What is being asked = Take the lines below beginning at the line that has "Sceaux ware, tin-glazed" and stopping after the line that has "Acrylic painting Gourmet", and print them exactly as they are, with no other lines.

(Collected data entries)
-- Opening Marker --

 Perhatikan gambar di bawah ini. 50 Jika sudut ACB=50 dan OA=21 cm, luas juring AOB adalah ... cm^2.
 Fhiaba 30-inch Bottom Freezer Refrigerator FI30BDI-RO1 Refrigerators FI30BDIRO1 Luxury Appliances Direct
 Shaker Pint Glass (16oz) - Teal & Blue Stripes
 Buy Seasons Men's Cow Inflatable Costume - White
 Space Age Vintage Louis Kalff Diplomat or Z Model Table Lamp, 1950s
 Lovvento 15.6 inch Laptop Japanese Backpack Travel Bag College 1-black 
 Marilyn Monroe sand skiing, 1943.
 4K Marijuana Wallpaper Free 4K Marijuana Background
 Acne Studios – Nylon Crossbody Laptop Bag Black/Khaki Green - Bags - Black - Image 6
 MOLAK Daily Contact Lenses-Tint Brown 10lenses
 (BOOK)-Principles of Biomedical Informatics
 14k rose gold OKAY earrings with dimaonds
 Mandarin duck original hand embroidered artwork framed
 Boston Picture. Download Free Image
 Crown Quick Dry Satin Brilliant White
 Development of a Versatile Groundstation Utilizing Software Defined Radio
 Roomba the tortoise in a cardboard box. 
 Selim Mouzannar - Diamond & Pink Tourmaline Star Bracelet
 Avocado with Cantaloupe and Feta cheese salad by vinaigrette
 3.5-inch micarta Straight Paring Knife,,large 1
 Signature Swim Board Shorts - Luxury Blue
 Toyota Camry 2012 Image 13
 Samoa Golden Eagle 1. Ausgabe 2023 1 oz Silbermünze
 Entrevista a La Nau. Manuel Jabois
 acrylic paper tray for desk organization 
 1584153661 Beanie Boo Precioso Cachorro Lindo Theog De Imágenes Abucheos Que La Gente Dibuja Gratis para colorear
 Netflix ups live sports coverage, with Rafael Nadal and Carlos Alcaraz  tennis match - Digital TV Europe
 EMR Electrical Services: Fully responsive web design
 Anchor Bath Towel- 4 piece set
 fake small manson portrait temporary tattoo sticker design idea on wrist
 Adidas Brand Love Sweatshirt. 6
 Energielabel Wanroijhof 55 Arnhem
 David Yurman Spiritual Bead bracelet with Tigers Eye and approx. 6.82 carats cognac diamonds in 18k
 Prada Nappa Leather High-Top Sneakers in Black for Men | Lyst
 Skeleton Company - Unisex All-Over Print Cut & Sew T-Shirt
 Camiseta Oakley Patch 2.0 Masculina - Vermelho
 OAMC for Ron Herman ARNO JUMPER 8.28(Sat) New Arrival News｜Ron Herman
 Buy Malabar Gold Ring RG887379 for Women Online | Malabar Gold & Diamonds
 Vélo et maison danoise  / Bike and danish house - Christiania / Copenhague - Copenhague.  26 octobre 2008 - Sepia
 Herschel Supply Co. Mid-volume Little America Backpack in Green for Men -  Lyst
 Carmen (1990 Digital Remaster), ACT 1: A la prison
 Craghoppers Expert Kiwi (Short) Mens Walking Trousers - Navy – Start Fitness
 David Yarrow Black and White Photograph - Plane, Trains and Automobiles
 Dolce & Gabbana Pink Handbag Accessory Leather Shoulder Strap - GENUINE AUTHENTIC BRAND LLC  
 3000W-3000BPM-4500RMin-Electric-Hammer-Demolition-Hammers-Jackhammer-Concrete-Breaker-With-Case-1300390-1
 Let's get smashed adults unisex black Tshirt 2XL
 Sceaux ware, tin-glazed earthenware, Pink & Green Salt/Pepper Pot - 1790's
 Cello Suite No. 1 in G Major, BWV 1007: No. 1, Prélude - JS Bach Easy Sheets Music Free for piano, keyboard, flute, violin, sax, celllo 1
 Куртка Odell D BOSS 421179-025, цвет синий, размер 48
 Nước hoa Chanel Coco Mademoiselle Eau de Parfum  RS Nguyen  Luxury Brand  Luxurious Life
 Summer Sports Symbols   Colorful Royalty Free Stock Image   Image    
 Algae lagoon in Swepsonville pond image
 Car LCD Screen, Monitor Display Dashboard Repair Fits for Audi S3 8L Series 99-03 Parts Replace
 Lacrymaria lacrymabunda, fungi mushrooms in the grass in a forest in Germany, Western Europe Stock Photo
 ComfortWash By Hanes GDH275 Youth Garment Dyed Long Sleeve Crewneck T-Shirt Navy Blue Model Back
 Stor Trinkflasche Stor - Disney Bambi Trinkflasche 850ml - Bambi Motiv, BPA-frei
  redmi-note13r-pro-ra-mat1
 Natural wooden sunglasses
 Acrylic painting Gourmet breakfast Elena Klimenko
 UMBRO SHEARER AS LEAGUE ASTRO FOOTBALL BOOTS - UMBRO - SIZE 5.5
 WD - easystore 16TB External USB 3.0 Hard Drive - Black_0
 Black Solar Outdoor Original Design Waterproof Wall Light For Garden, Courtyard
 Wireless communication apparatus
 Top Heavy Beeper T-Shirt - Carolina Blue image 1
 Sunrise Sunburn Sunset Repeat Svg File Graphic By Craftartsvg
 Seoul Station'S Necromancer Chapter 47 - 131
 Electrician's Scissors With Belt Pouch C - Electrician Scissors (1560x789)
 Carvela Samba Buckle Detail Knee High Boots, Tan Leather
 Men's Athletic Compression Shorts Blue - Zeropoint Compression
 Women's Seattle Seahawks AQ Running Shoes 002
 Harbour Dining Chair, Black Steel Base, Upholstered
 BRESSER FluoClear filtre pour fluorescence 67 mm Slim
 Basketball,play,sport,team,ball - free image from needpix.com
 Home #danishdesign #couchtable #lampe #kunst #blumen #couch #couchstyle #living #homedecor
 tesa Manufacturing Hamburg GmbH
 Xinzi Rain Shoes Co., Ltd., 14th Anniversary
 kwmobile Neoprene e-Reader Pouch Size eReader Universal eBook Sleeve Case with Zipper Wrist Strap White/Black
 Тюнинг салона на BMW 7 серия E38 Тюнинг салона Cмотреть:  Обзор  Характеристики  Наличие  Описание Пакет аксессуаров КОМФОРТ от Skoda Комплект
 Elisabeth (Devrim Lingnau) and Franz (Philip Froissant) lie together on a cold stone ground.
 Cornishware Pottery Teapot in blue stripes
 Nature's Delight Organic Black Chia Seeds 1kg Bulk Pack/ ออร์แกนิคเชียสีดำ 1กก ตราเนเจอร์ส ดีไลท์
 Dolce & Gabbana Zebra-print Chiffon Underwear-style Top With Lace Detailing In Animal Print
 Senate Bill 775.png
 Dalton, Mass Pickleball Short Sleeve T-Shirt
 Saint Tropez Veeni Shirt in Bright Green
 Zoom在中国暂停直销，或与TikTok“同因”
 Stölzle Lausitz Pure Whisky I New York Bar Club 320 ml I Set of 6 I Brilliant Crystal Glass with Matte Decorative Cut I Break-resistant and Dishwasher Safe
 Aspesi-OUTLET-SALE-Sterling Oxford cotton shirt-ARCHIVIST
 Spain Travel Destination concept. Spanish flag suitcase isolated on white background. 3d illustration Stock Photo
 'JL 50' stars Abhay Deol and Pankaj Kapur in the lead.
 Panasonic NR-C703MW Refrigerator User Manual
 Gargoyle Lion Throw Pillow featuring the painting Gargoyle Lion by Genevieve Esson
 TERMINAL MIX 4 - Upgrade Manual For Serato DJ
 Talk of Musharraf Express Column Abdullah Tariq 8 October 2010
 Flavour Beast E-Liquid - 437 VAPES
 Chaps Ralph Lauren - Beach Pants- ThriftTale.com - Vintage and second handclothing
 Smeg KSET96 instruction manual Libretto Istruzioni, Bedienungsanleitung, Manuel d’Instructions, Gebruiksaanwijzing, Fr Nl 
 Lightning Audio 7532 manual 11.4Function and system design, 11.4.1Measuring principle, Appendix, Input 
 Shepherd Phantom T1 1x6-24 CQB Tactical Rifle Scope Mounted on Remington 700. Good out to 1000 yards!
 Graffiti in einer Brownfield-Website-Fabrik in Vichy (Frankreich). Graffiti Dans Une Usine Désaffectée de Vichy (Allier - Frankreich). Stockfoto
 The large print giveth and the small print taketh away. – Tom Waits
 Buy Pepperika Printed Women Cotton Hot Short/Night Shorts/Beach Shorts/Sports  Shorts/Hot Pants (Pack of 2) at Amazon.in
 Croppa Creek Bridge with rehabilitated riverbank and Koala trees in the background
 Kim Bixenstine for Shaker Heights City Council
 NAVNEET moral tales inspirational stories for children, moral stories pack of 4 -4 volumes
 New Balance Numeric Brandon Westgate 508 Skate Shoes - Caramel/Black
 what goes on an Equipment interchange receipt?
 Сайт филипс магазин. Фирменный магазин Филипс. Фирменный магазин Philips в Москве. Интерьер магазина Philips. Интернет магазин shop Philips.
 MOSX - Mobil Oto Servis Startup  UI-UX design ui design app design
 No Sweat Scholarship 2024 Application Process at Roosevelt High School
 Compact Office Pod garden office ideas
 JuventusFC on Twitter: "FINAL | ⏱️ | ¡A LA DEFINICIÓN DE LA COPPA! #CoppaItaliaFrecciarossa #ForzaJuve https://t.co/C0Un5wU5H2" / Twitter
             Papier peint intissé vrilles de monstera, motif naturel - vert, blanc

-- Closing Marker --

Solution for this task =
 Sceaux ware, tin-glazed earthenware, Pink & Green Salt/Pepper Pot - 1790's
 Cello Suite No. 1 in G Major, BWV 1007: No. 1, Prélude - JS Bach Easy Sheets Music Free for piano, keyboard, flute, violin, sax, celllo 1
 Куртка Odell D BOSS 421179-025, цвет синий, размер 48
 Nước hoa Chanel Coco Mademoiselle Eau de Parfum  RS Nguyen  Luxury Brand  Luxurious Life
 Summer Sports Symbols   Colorful Royalty Free Stock Image   Image    
 Algae lagoon in Swepsonville pond image
 Car LCD Screen, Monitor Display Dashboard Repair Fits for Audi S3 8L Series 99-03 Parts Replace
 Lacrymaria lacrymabunda, fungi mushrooms in the grass in a forest in Germany, Western Europe Stock Photo
 ComfortWash By Hanes GDH275 Youth Garment Dyed Long Sleeve Crewneck T-Shirt Navy Blue Model Back
 Stor Trinkflasche Stor - Disney Bambi Trinkflasche 850ml - Bambi Motiv, BPA-frei
  redmi-note13r-pro-ra-mat1
 Natural wooden sunglasses
 Acrylic painting Gourmet breakfast Elena Klimenko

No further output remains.